You have to wonder how much longer until we see an MXR Hotcake.


----------



## terminalvertigo (Jun 12, 2010)

I'm waiting for the onslaught of duke of tone vs prince of tone videos!

funny story.
I signed up for the KOT waiting list in 2011, and then promptly forgot about it as I never got a follow-up email stating "it's ready to order"

i was then thinking about grabbing a KOT couple years ago.... wait.. didn't i signup before? searched my sent emails and there it was, my original request!

finally ordered in 2020..I might have waited the longest anyone ever has on the list!


----------



## Xevyn (Jul 14, 2021)

terminalvertigo said:


> I'm waiting for the onslaught of duke of tone vs prince of tone videos!
> 
> funny story.
> I signed up for the KOT waiting list in 2011, and then promptly forgot about it as I never got a follow-up email stating "it's ready to order"
> ...


I've always put off getting on the list too but finally joined the waiting list in Nov 2020. Looks like we are halfway there as they finally are at orders for 2018 

It'll be interesting to see if this will spur even more people to join the waiting list after they have tried the MXR version.


----------



## Business (Jul 30, 2013)

Welcome to 6 weeks ago


----------



## SmoggyTwinkles (May 31, 2021)

MXR, keep doing this stuff! The Timmy, now the Prince of Tone......

What else could MXR do? 

I'd LOVE a Trombetta Rotobone or mini-bone. 

Unobtainable stuff.

I had a King of Tone when they first came out, to me it wasn't that great and it's always fascinated me how nuts people are about it. I'd probably feel the same way about a Klon.

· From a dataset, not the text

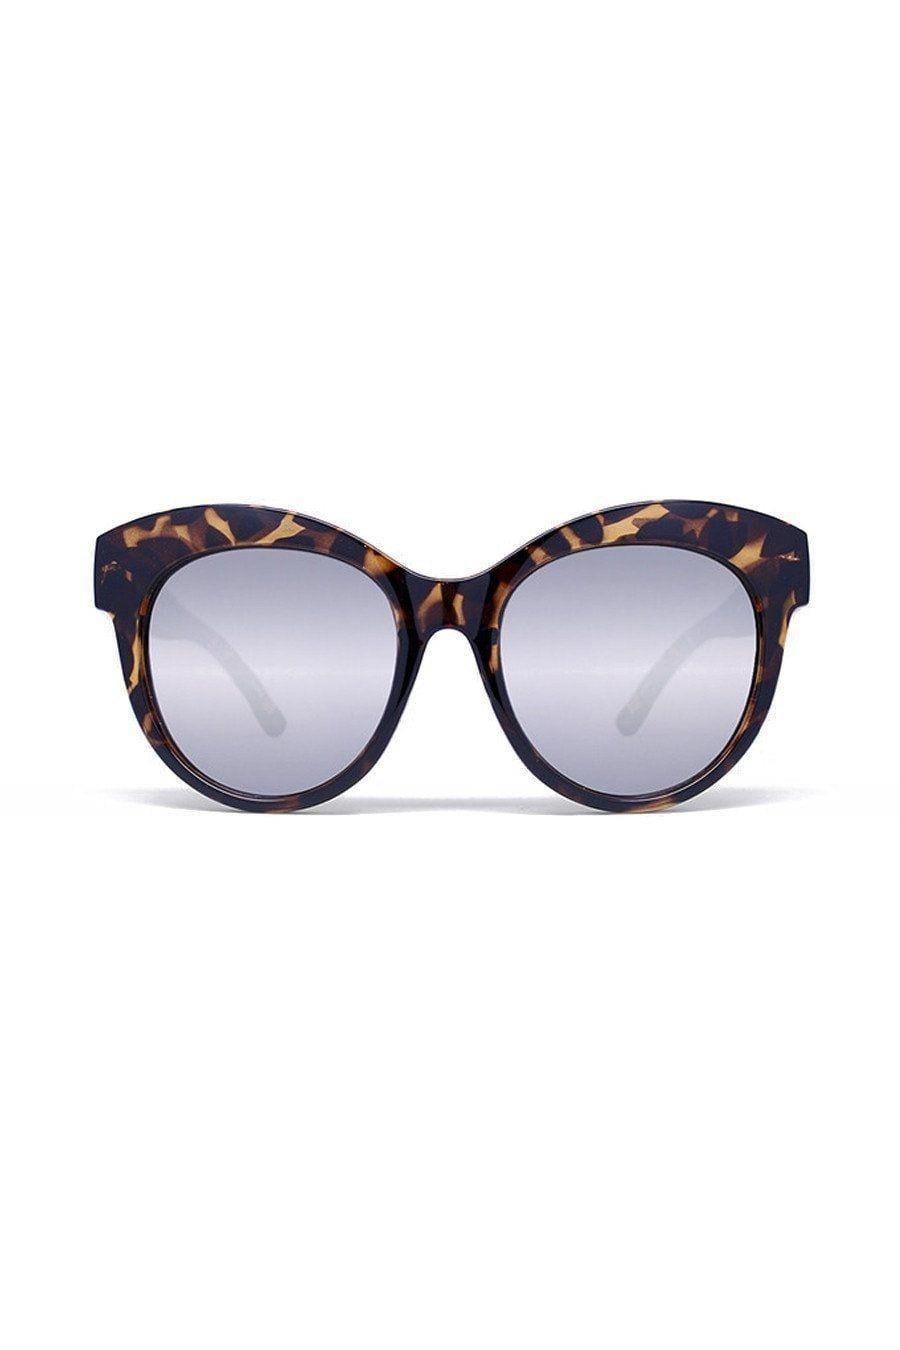 e9b15de4f8376 Quay Australia MAIDEN Tortoise Oversize Designer Sunglasses

But that Rotobone is NUTS sounding, still not paying the price though, should have got on that mailing list years and years ago and probably the only waiting list/not available type pedal I regret, too late!


----------



## SmoggyTwinkles (May 31, 2021)

mhammer said:


> Assuming the licensing deal is fair, I'm happy for Mike. I can't imagine dealing with the backlog of orders made life easy for him.
> 
> Jeorge "Mr Huge" Tripps is nicely networked with all the small builders, and provides a good go-between for Dunlop and small reputable builders.
> 
> You have to wonder how much longer until we see an MXR Hotcake.


That's the Way Huge guy no?

Oh hey, Hotcake.........the reason I didn't hang on to that KoT, guess I'm a weirdo (still my fave OD/dirty boost pedal, first "boutique" pedal I ever bought like 22 years ago)


----------



## mhammer (Nov 30, 2007)

SmoggyTwinkles said:


> That's the Way Huge guy no?
> 
> Oh hey, Hotcake.........the reason I didn't hang on to that KoT, guess I'm a weirdo (still my fave OD/dirty boost pedal, first "boutique" pedal I ever bought like 22 years ago)


yup, that's him. He was working at Line 6 and doing Way Huge on the side, when Dunlop approached him at NAMM and made him an offer he couldn't refuse.


----------



## player99 (Sep 5, 2019)

I bought a King of Tone with the high gain side. I never liked it at all.


----------



## SmoggyTwinkles (May 31, 2021)

player99 said:


> I bought a King of Tone with the high gain side. I never liked it at all.


I mean it's a good pedal but it's just a Bluesbreaker x 2. 

I had an original big box Bluesbreaker and you had to crank the gain for any kind of satisfaction and it sounded like.....a Marshall in a box type thing. 

Sounded great, but not waiting list great. And not hundreds of dollars great either, yet some of these pedals prices are so insane.........I'd put that money towards a boutique amplifier personally. 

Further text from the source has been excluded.